══ Data extract

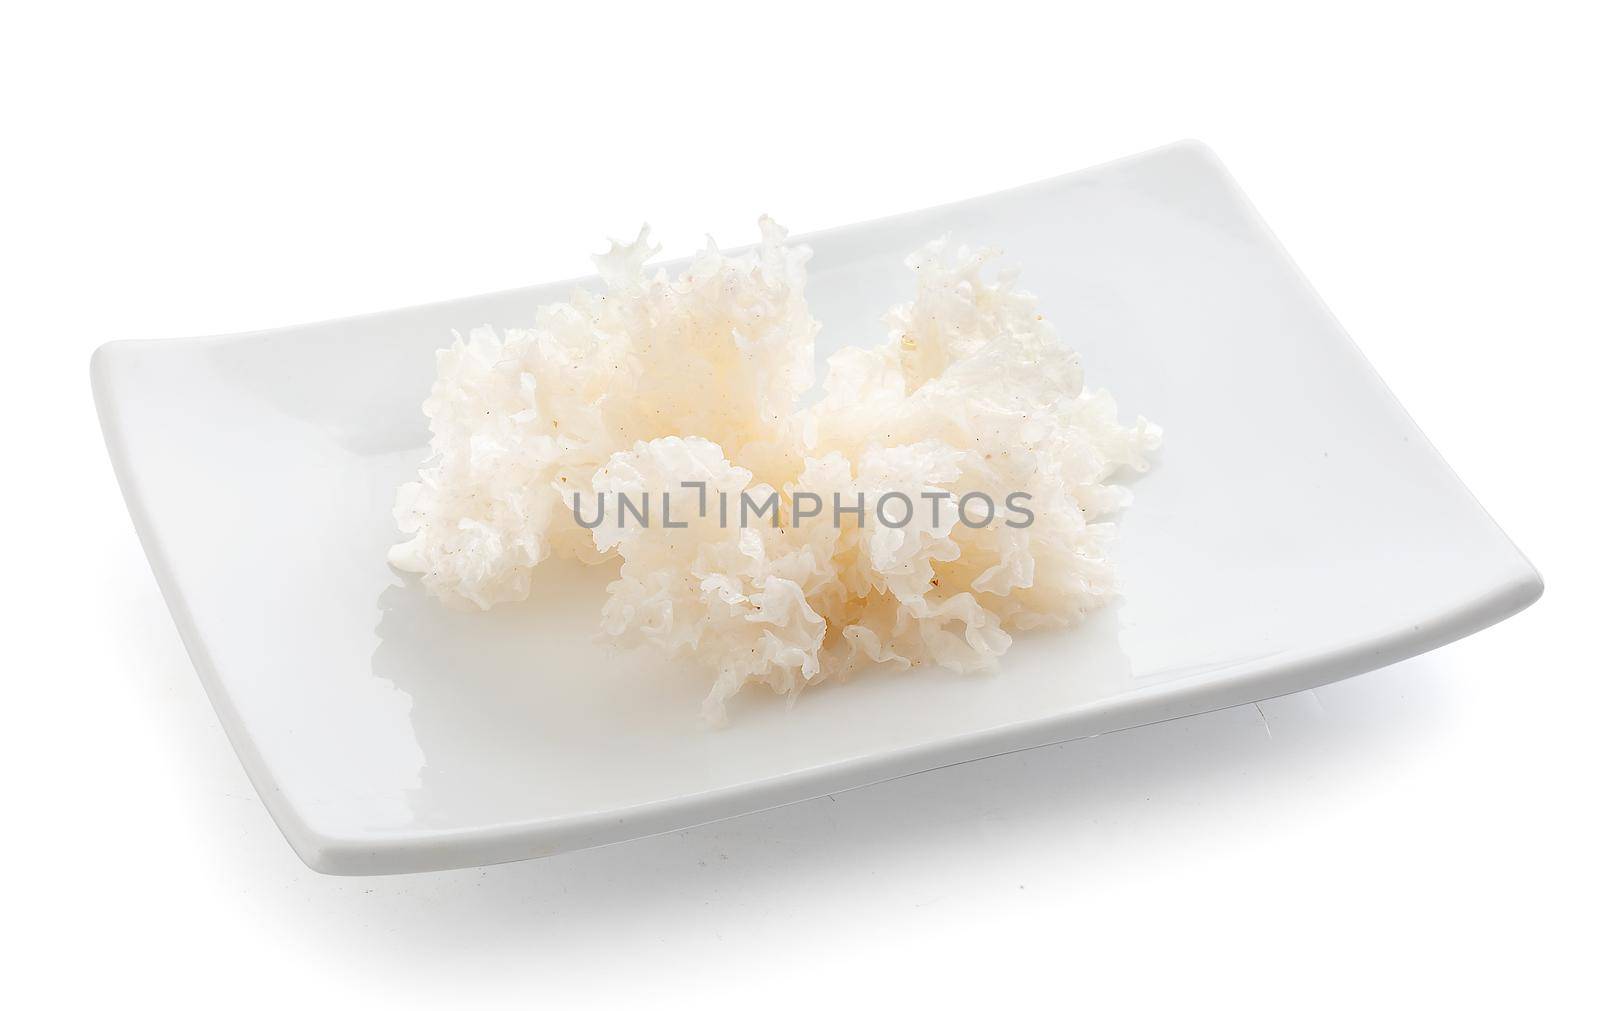 Marinated snow fungus by Angorius
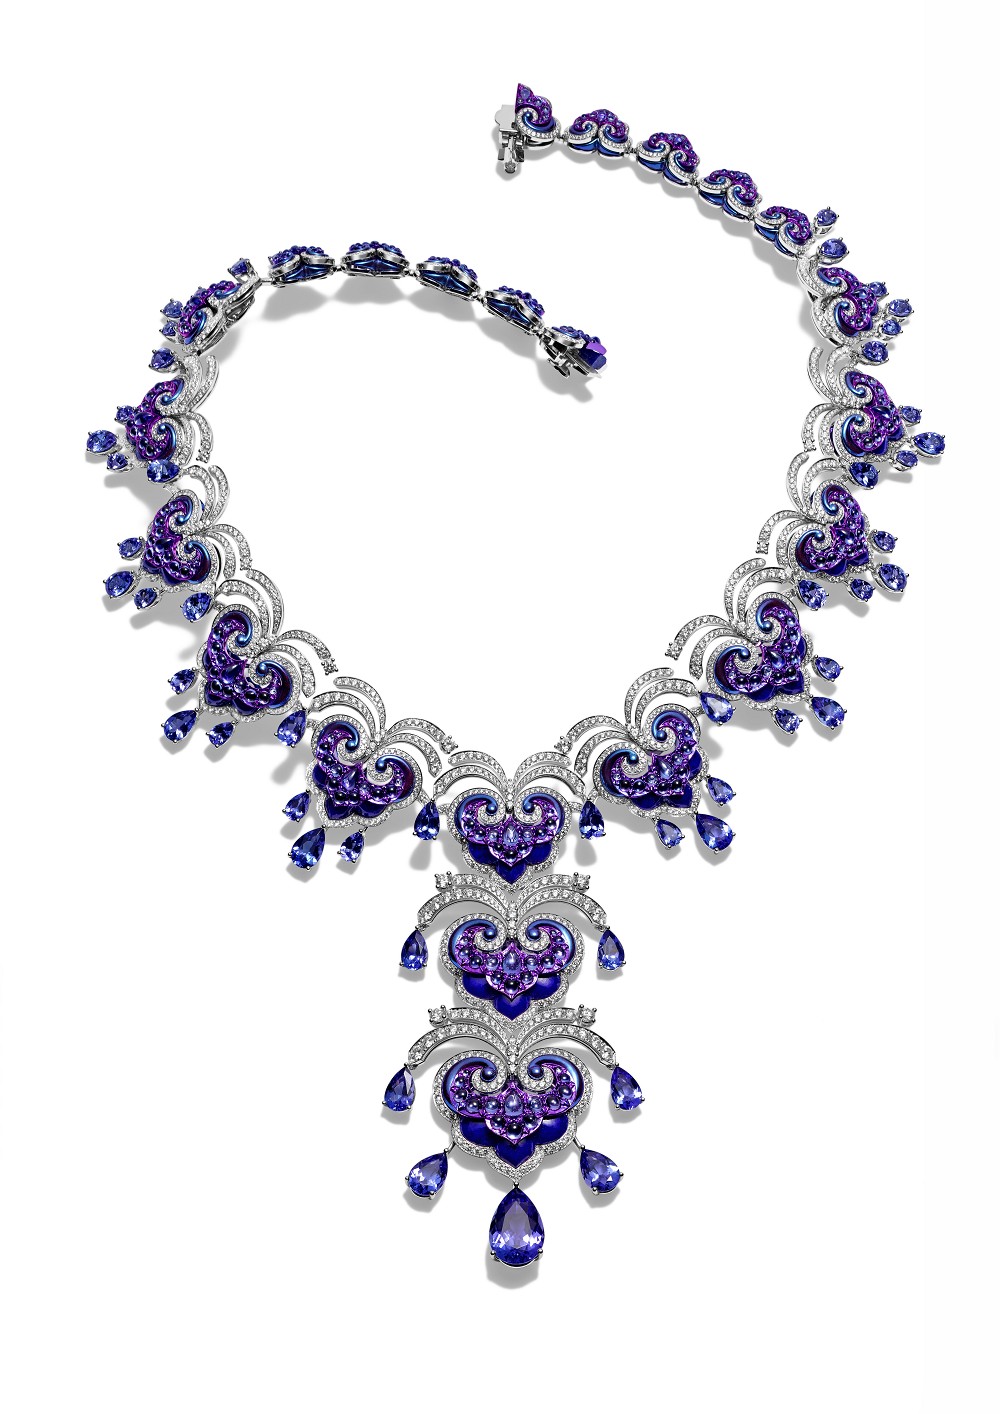 『珠宝』Chopard 推出 La Parisienne 高级珠宝系列：浪漫巴黎
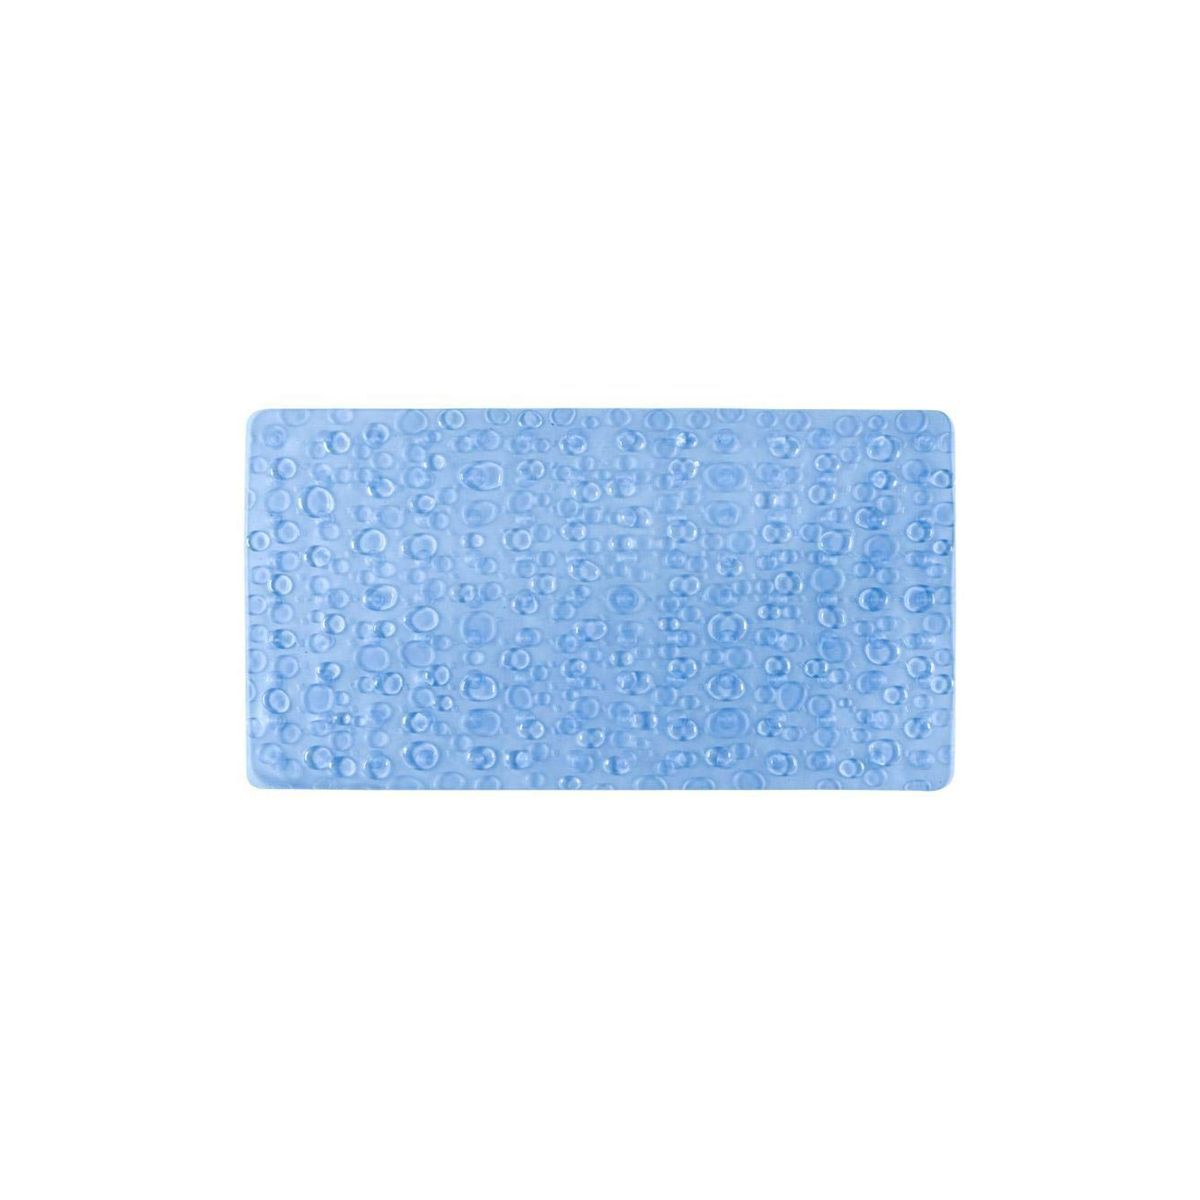 Freelance Pvc Shower Mat Bathroom Bath Tub Non Slip Grip Bathmat Blue (71 X 39 Cm)
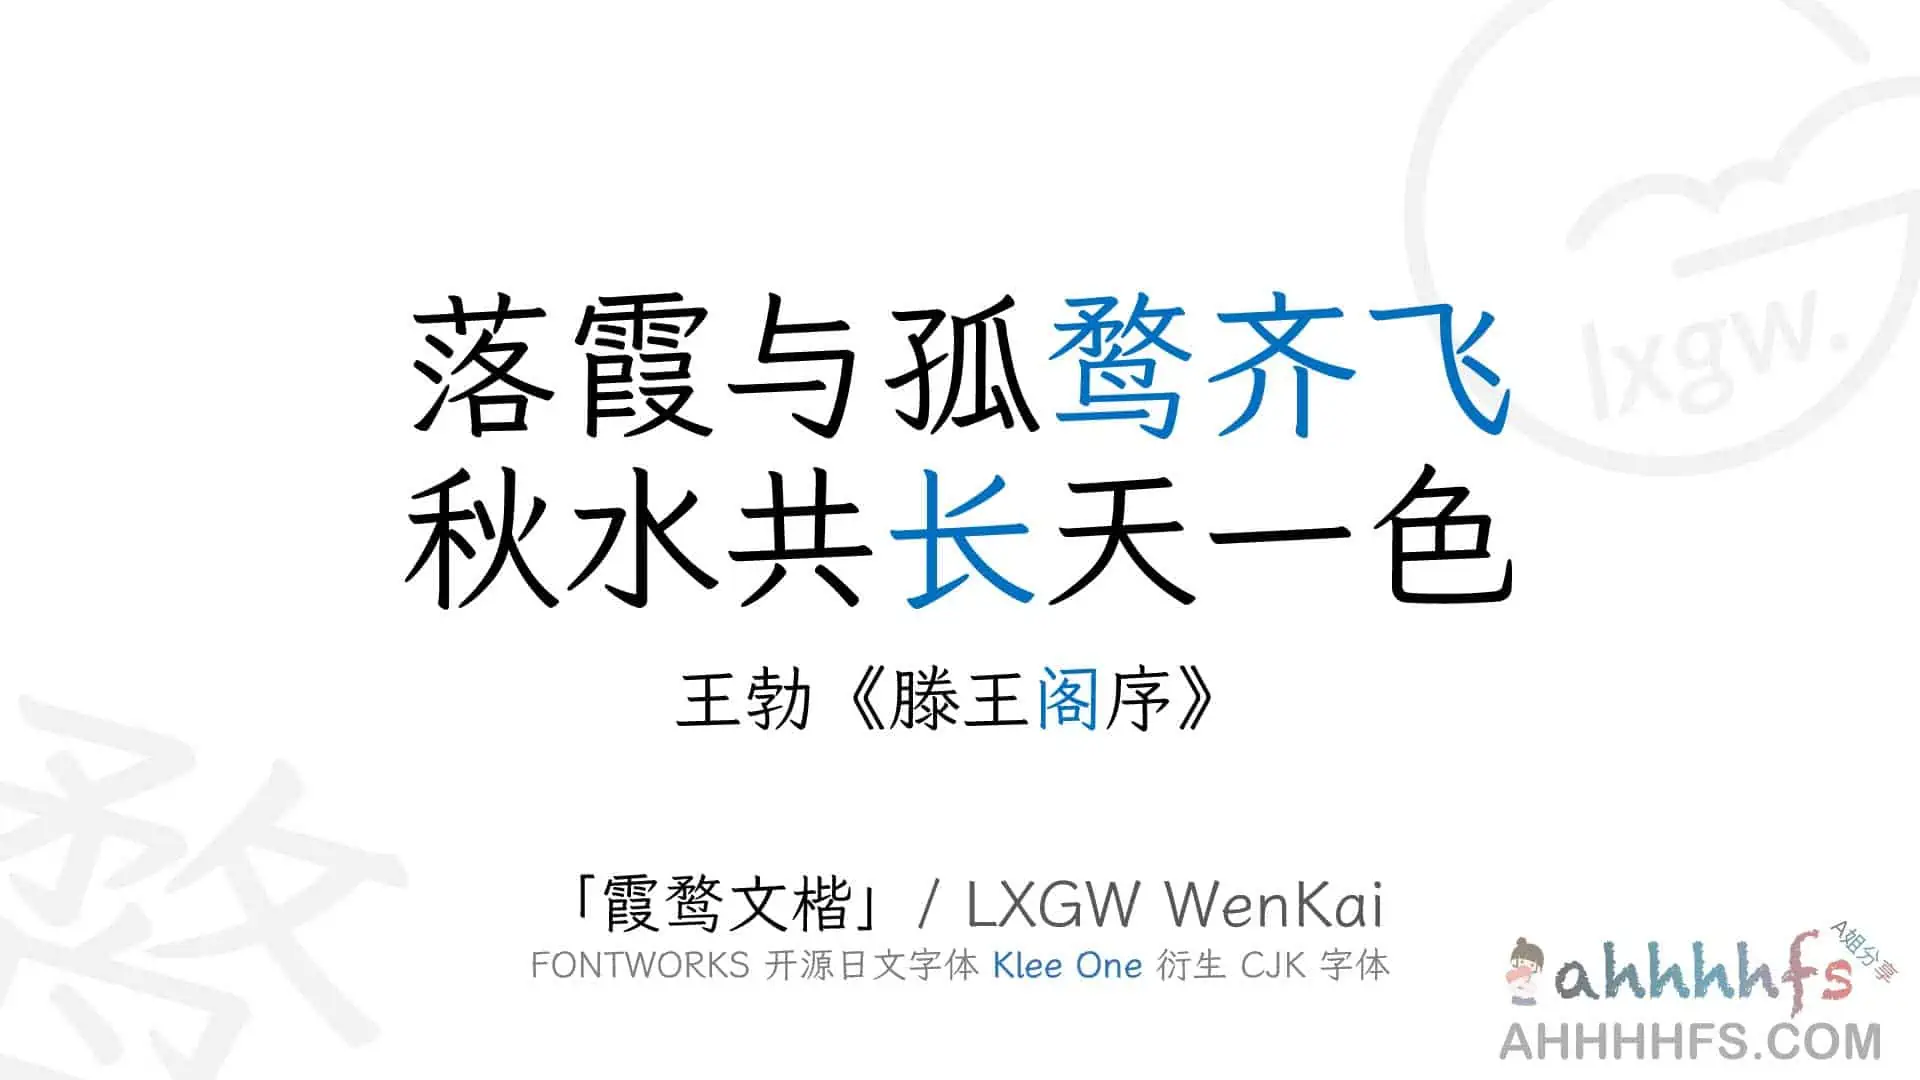 霞鹜文楷LxgwWenKai 免费开源中文字体可商用- A姐分享

════

Required action:
The answer is the listing above repeated verbatim, minus its images.

Response area:
 Marinated snow fungus by Angorius
 『珠宝』Chopard 推出 La Parisienne 高级珠宝系列：浪漫巴黎
 Freelance Pvc Shower Mat Bathroom Bath Tub Non Slip Grip Bathmat Blue (71 X 39 Cm)
 霞鹜文楷LxgwWenKai 免费开源中文字体可商用- A姐分享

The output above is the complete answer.